DATA SECTION
• • • • • • •

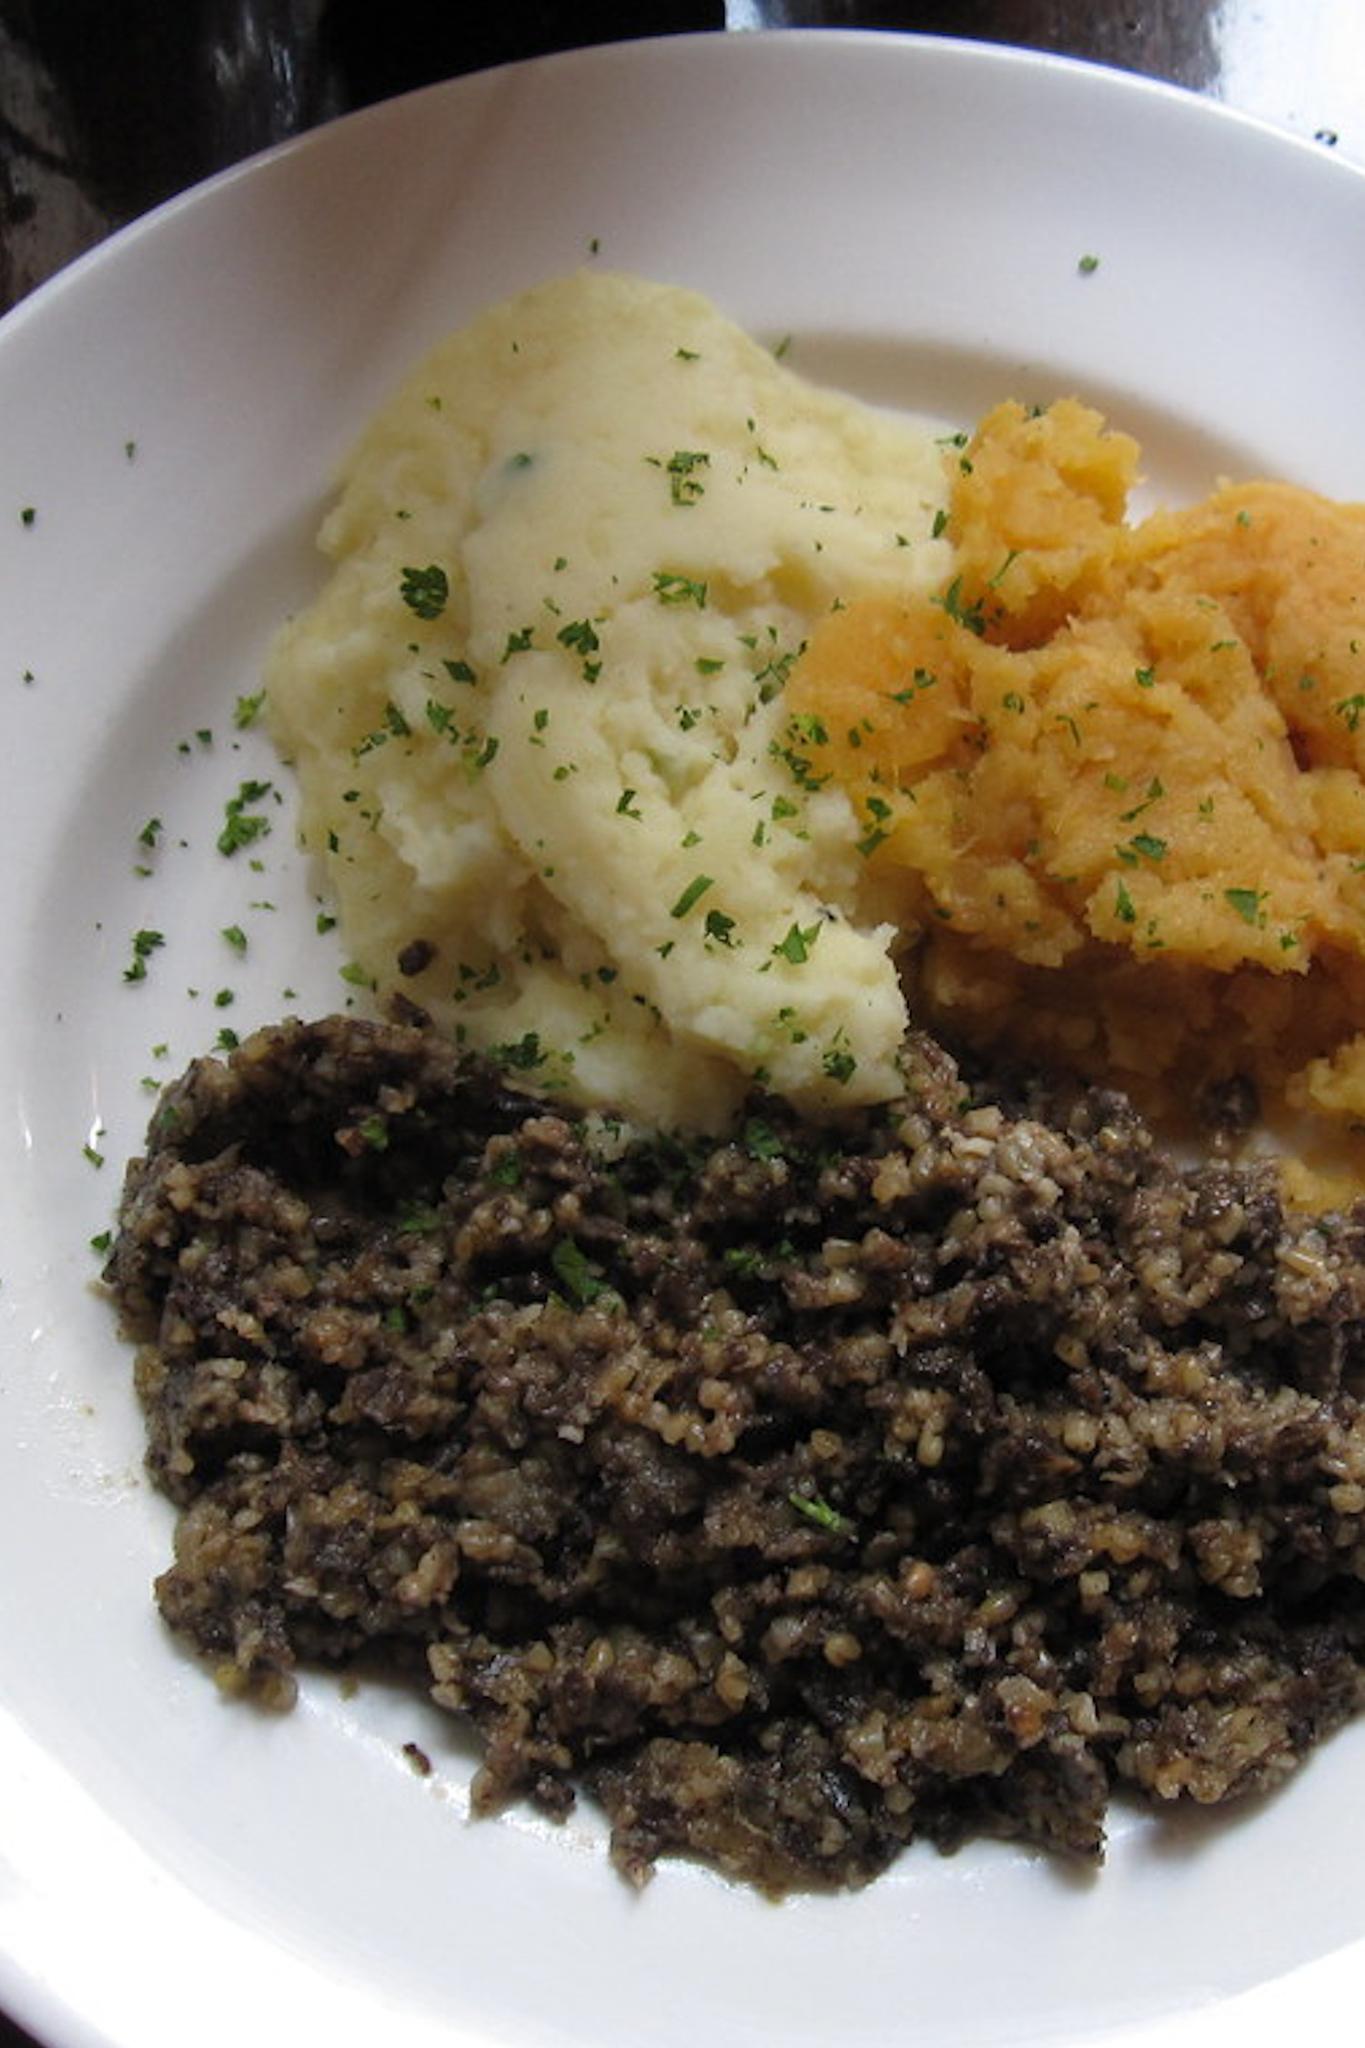 Scottish foods haggis, potatoes and turnip on a plate.
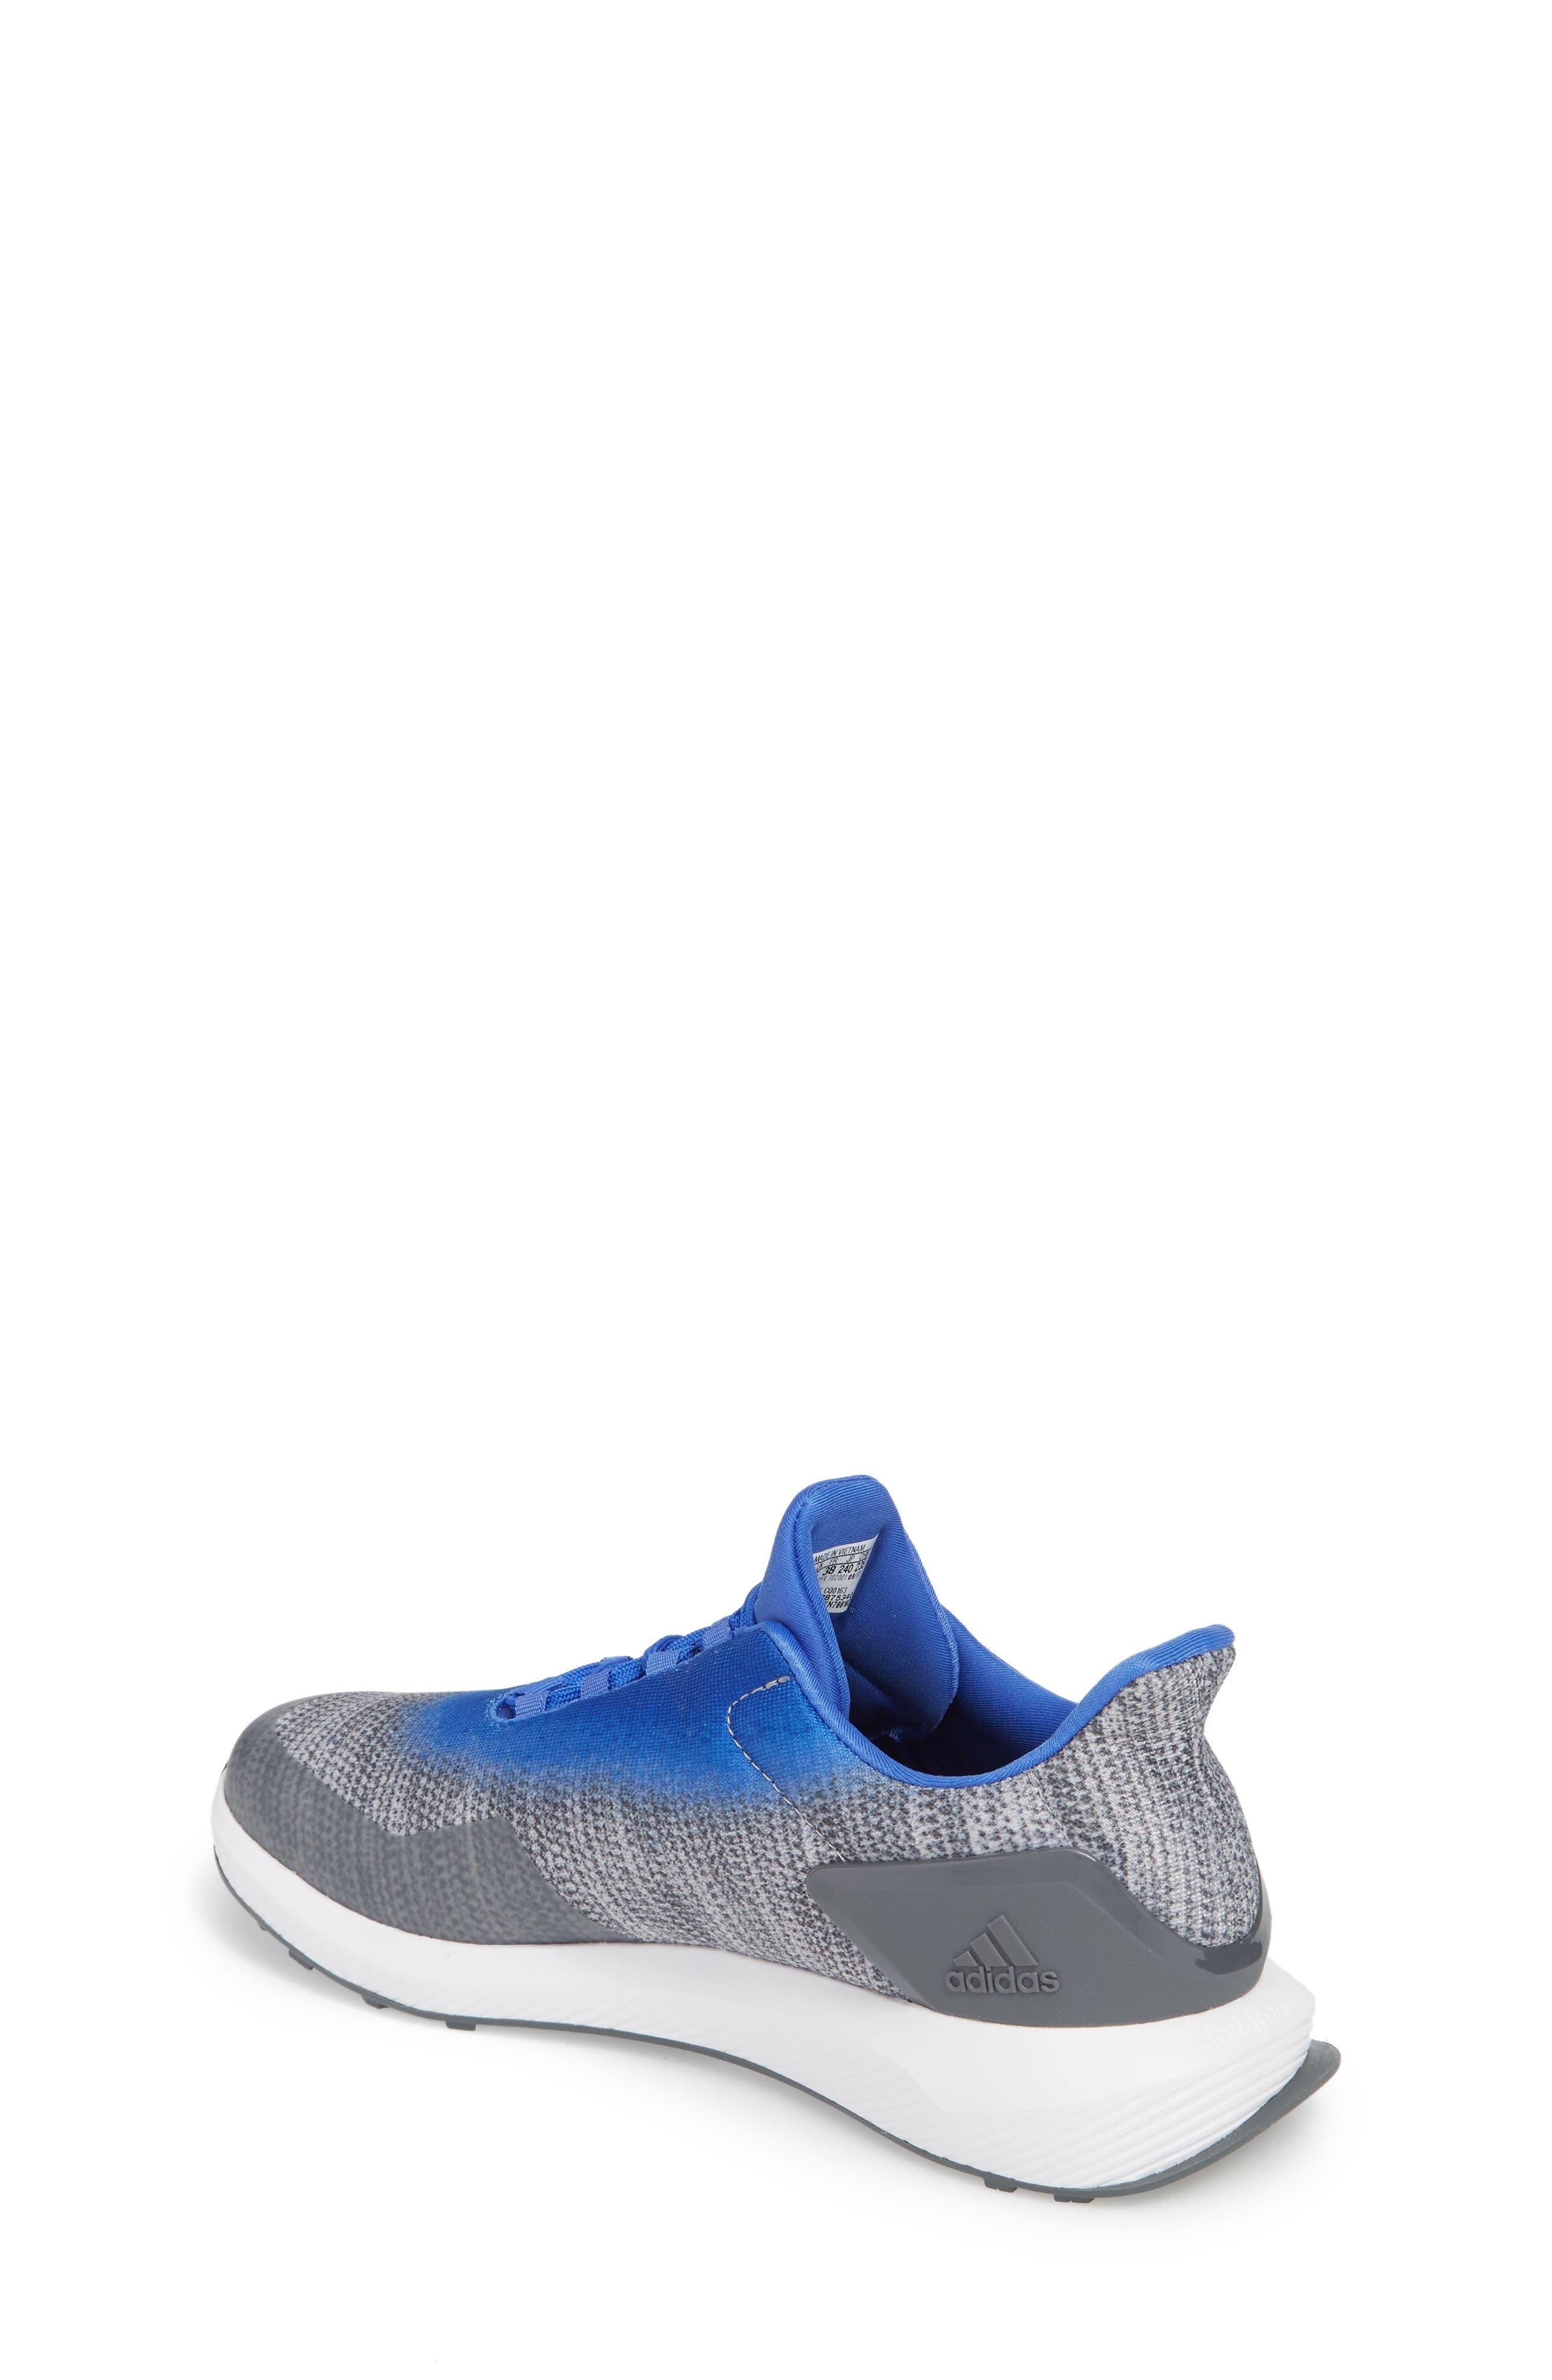 RapidaRun Uncaged Sneaker,                             Alternate thumbnail 2, color,                             Grey / Grey / Blue
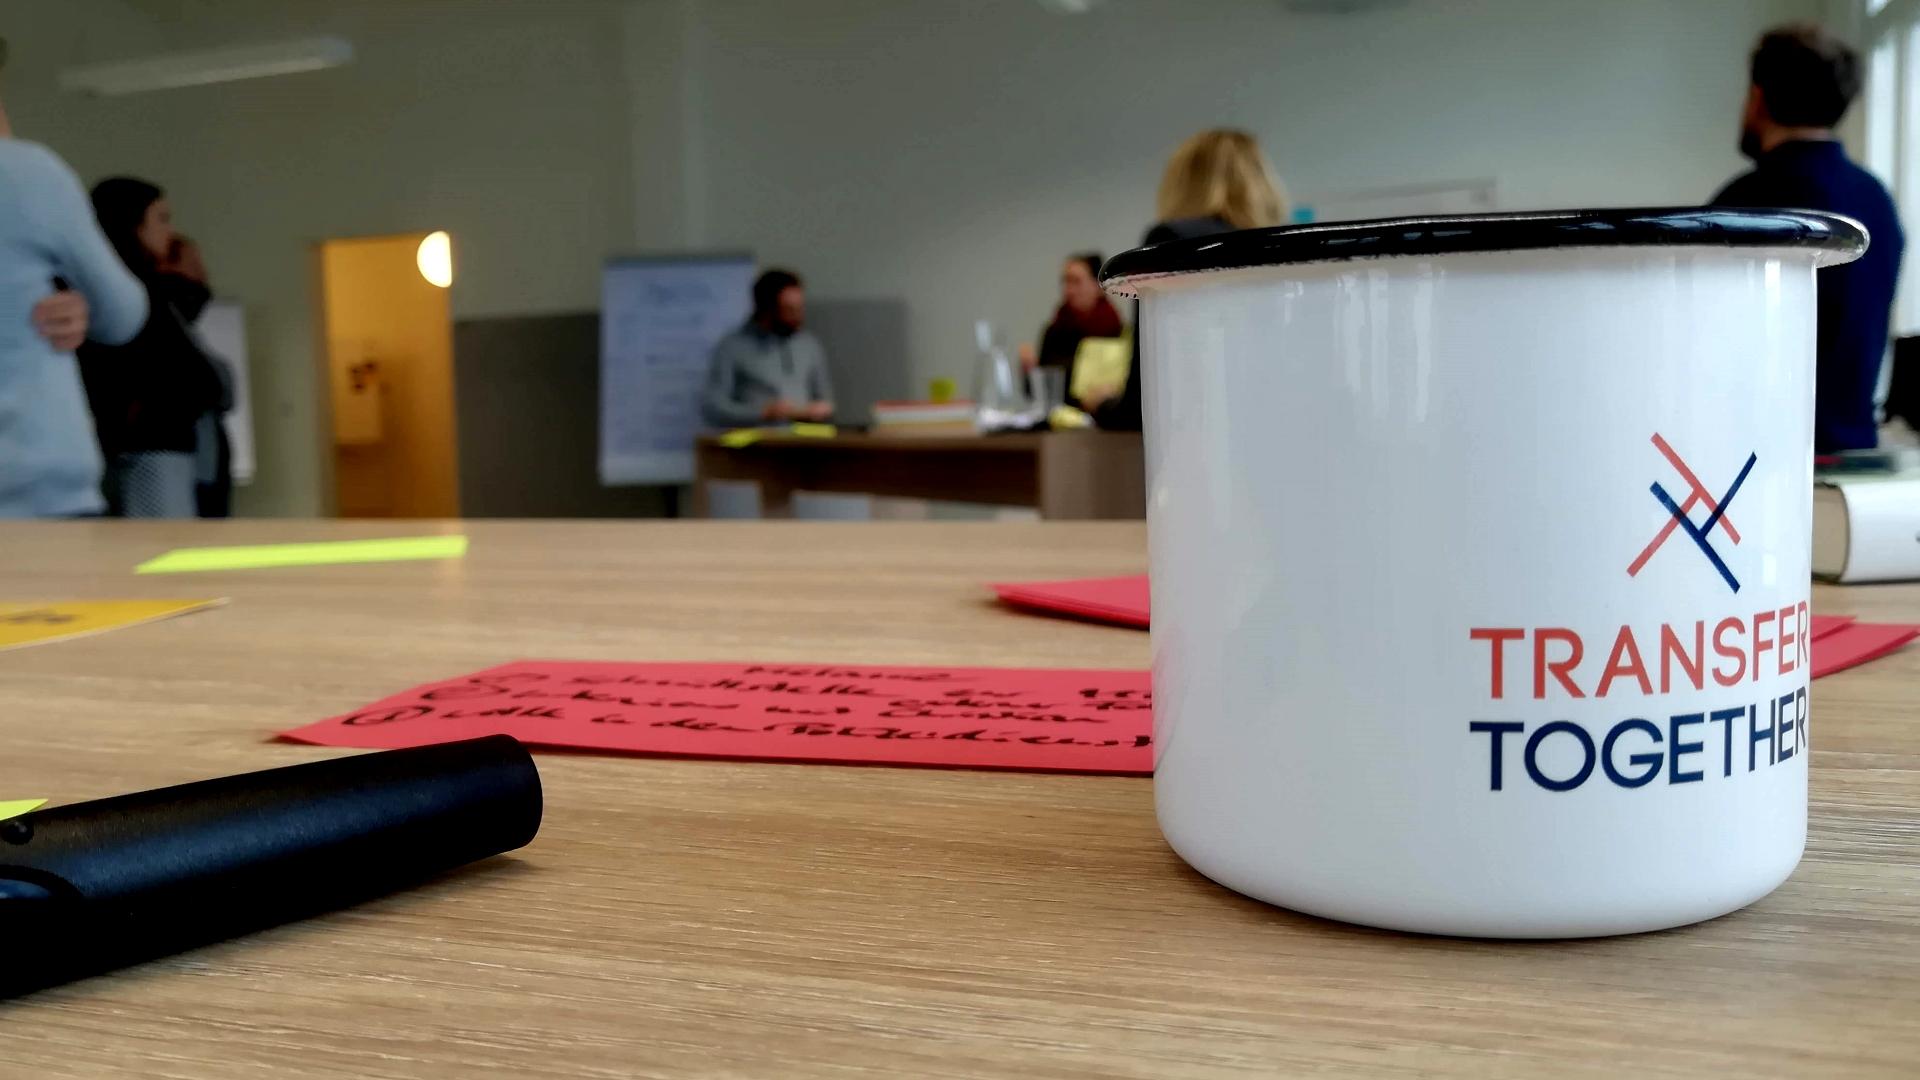 Workshop, PH Heidelberg, Transfer Together, Transferzentrum, Tasse, Logo
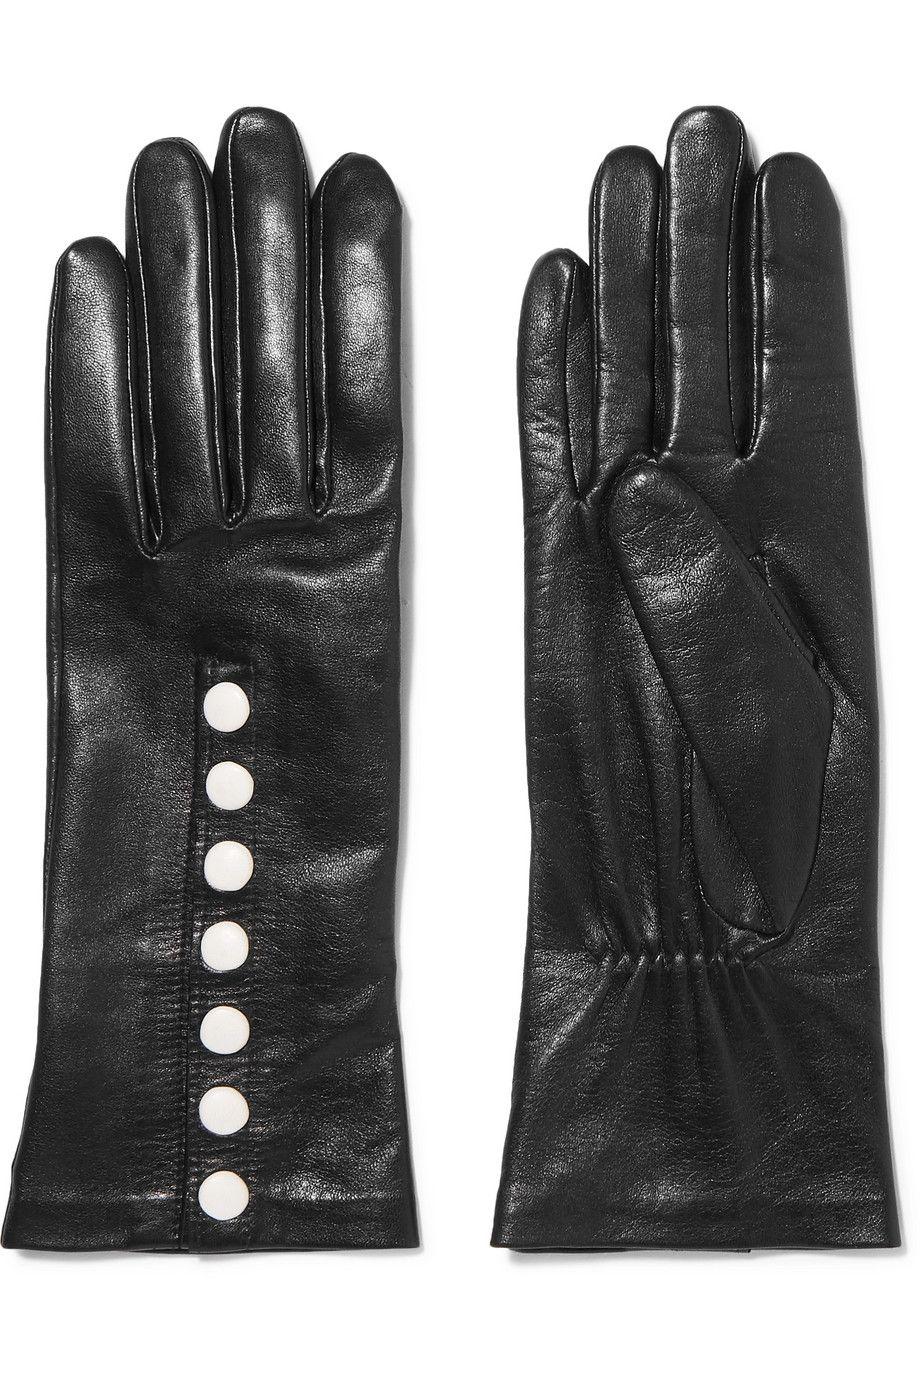 Evening-Gloves-1119

• • • • • • •

WHAT IS REQUIRED
The data above is to be printed exactly, all of it, except for the pictures.

ANSWER SPACE
 Scottish foods haggis, potatoes and turnip on a plate.
 RapidaRun Uncaged Sneaker,                             Alternate thumbnail 2, color,                             Grey / Grey / Blue
 Workshop, PH Heidelberg, Transfer Together, Transferzentrum, Tasse, Logo
 Evening-Gloves-1119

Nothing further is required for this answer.